2.3 Phenotype Prediction

In the phenotype prediction task, the learning examples were species and the class label was the presence/absence of a phenotype in that species. A separate model was trained for each of the 424 phenotypes and 10-fold cross-validation used to estimate the accuracy. Once a model was learned, it was applied to the species with unknown phenotypic annotations. To make the functioning of our models more interpretable to biologists, we also provide sets of most important features of all models.

Predictions from textual data. We used bag-of-words representation with tf-idf weighting of word frequencies across documents assigned to species in a given text corpus. A Support vector machine (SVM) classifier with a linear kernel was trained on all combinations of text resources and phenotypes.

Predictions from genome data. We constructed five different genomic representations for each microbial species: (i) the proteome composition [1, 9]; (ii) the gene repertoire encoded as presence/absence of Clusters of Orthologous Groups (COG) gene families [4, 6]; (iii) co-occurrence of species across environmental sequencing data sets [3]; (iv) gene neighborhoods [8] encoded as pairwise chromosomal distances between gene family members; and (v) genomic signatures of translation efficiency in gene families [5, 10]. Again, we trained models on all combinations of representations and phenotypes. We used the Random Forest (RF) classifier which we found to outperform other tested algorithms.
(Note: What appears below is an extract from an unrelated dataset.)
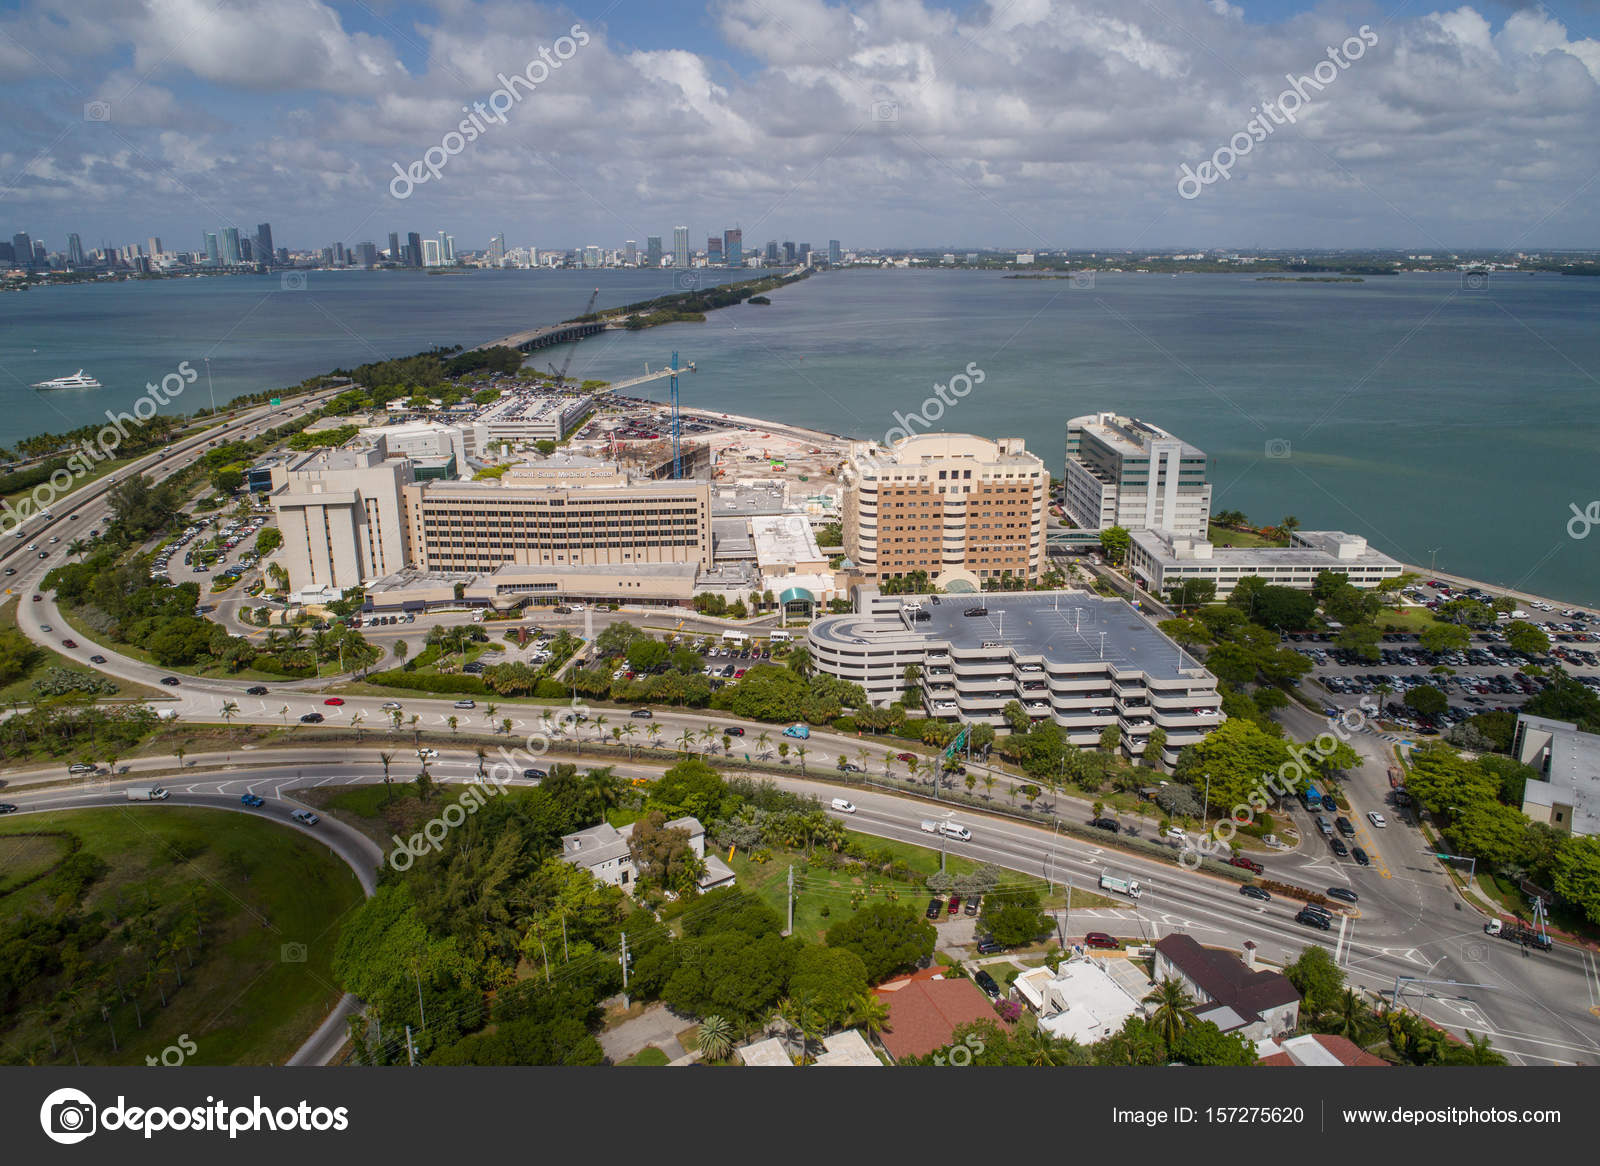 Mount Sinai Medical Center Miami Beach aerial image — Stock

Combining predictions. To combine predictions from different models and provide an interpretable estimate of confidence in each prediction, the confidence scores of each prediction were converted to precisions, based on cross-validation precision-recall curves. Precision scores for organisms in the initially unlabeled set of organisms were calculated via linear interpolation between the neighboring confidence points and then assigned to both positive and negative class for each prediction and further adjusted to account for difference in class sizes, ensuring that the minimum precision of each class is 0, regardless of the number of positive/negative examples. The systematic validation performed by two experts on a random sample of 2, 500 predictions showed that the precisions combined using late fusion schemes agree well with human judgment, particularly when requiring agreement of two independent models (either text or genomics-derived).

Web interface and results. In summary, ProTraits covers 3, 046 microbial organisms and 424 microbial phenotypes. It provides predictions across six textual resources and five independent genomic representations. At the precision threshold higher than 0.9, ProTraits assigns \(\approx \)545,000 novel annotations, out of which \(\approx \)308,000 are supported in two or more independent predictions. A web interface at http://protraits.irb.hr/ provides precision scores across 11 individual predictors and an integrated score calculated using the two-votes late fusion scheme.

3 Challenges and Conclusions

Training separate classifiers for each of the phenotypes does not scale well in terms of computation time required, especially for high-dimensional genomic datasets. However, using existing multi-label classifiers was not straightforward for our datasets since most of the target values were missing. Another challenge was collecting initial labels, as this requires tedious manual curation. While the two existing microbial phenotype databases alleviated this problem in our work, for other important problems in the life sciences, similar databases may not be available. Crucially, the input of field experts has allowed us to validate predictions and inferred concepts, demonstrating that our models are trustworthy.